Besides, there are circumstances which should have invited inquiry by the plaintiff before cashing the ten notes. The makers must have been strangers to the plaintiff bank, and the person at the desk would naturally wonder where the Piercy Corporation, offering them at so great a discount, obtained them. If the Piercy Corporation was sound financially, they would be able to obtain a larger sum than they did. If not clearly solvent, the bank would hardly have advanced as much as it did on notes made by up-state strangers.

It is true that the fact that one has purchased an obligation for less than its face value does not necessarily preclude him from being a holder in due course, but the large discount is a matter which can properly be taken into consideration in determining the good faith of the transaction. (Vosburgh v. Diefendorf, 119 N. Y. 357, 365.)

Where the maker of a note is of unquestioned financial responsibility, the discount of the note less than six weeks before its maturity for a little more than one-half of its face value requires the submission of the question of good faith to the jury. (Becker v. Hart, 135 App. Div. 785.)

In the case at bar the notes were discounted for nearly $4,000 less than their face value.

As the case thus stands, I hold that the plaintiff has failed to prove or to satisfy me of its good faith in the transaction.

Plaintiff’s action was brought on the theory that it was an ordinary banking transaction in which the bank had become the owner of the note in suit by discounting it. Mr. Bryan testified that the bank purchased the notes. However, his information was all derived from the records of the bank. A sheet from a loose-leaf binder of the corporation record was introduced in evidence. From this it appeared that the bank had on September 4, 1929, discounted a note of $10,300 of the Piercy Livestock Foods Corporation, payable at plaintiff’s office three months from date, giving plaintiff’s check of $10,016.75 to the L. H. Piercy Company and taking the ten notes in question as collateral. The check was cashed, I suppose, by the defendant Piercy Corporation of America, although the indorse*653ments were “ The L. H. Piercy Co., L. H. Piercy, Pres./’ and “ Piercy’s Life Stock Foods Corp., L. H. Piercy, Pres.”

Whether the variance in names was due to clerical error and all referred to the Piercy Corporation of America, or whether there were several corporations using the word or name Piercy ” as a part of their corporate name, does not appear. Be that as it may, the taking of the ten notes as collateral does not, in my opinion, lessen the obligation of the plaintiff to prove itself a holder in due course nor change the rule as to the burden of proof. If the notes are collateral only, the criticism as to the small amount advanced on them would not apply, but the plaintiff would have no greater interest in them than the debt they were taken to secure, because ordinarily the payment of an indebtedness releases the collateral. (Jackson v. Erkins, 131 App. Div. 801.)

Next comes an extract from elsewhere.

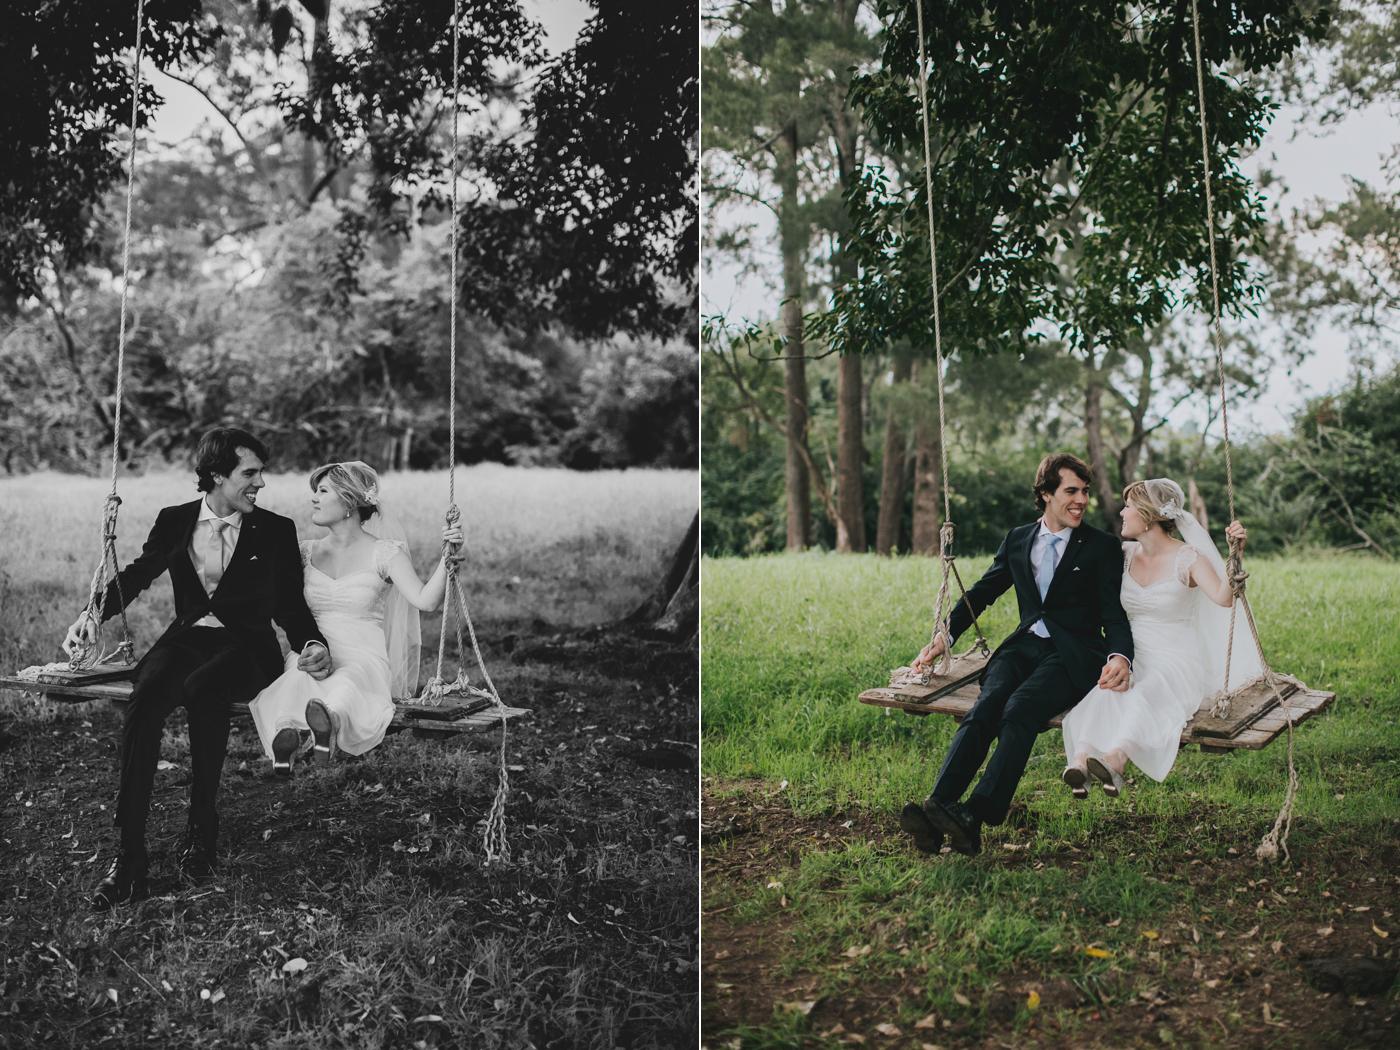 Rachel & Jacob - Willow Farm Berry - South Coast Wedding - Samantha Heather Photography-143.jpg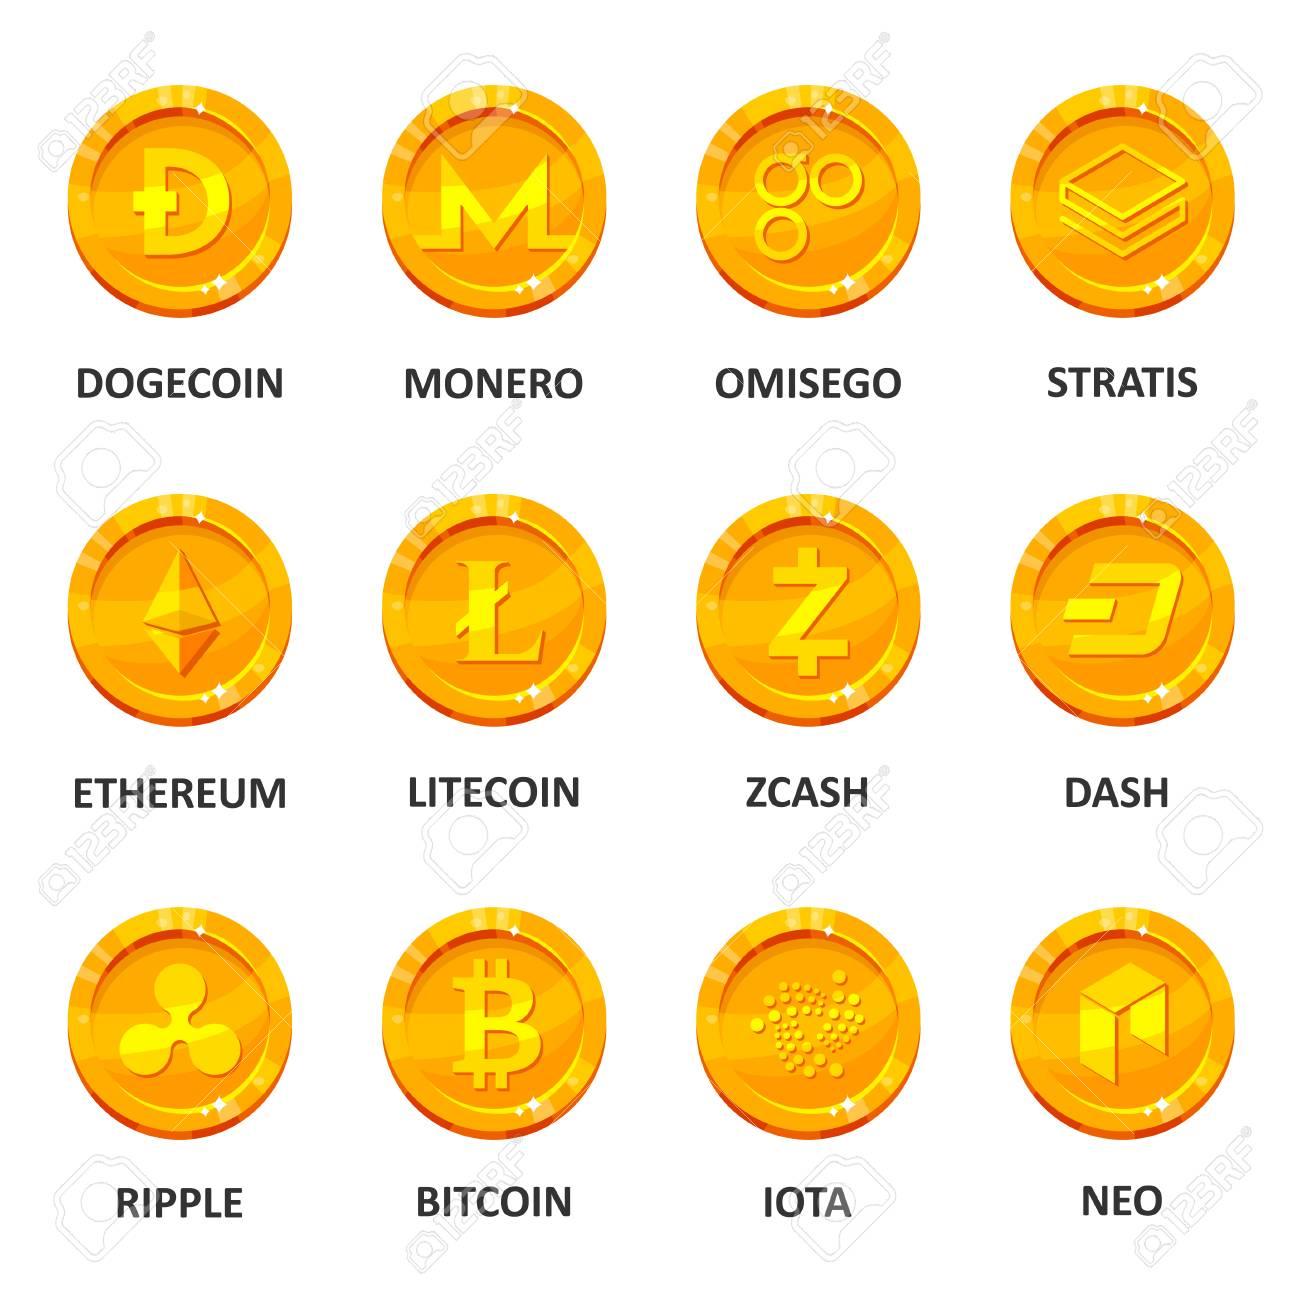 bitcoin trading valuta virtuale)

In the present case there was no proof as to whether the Piercy note of $10,300 or any part of it had been paid, nor whether any attempt had been made to collect it, nor whether anything had been collected on any of the other nine notes. However that may be, the plaintiff has not met the necessary requirements of proof, and the complaint must be dismissed, with costs. Submit findings accordingly.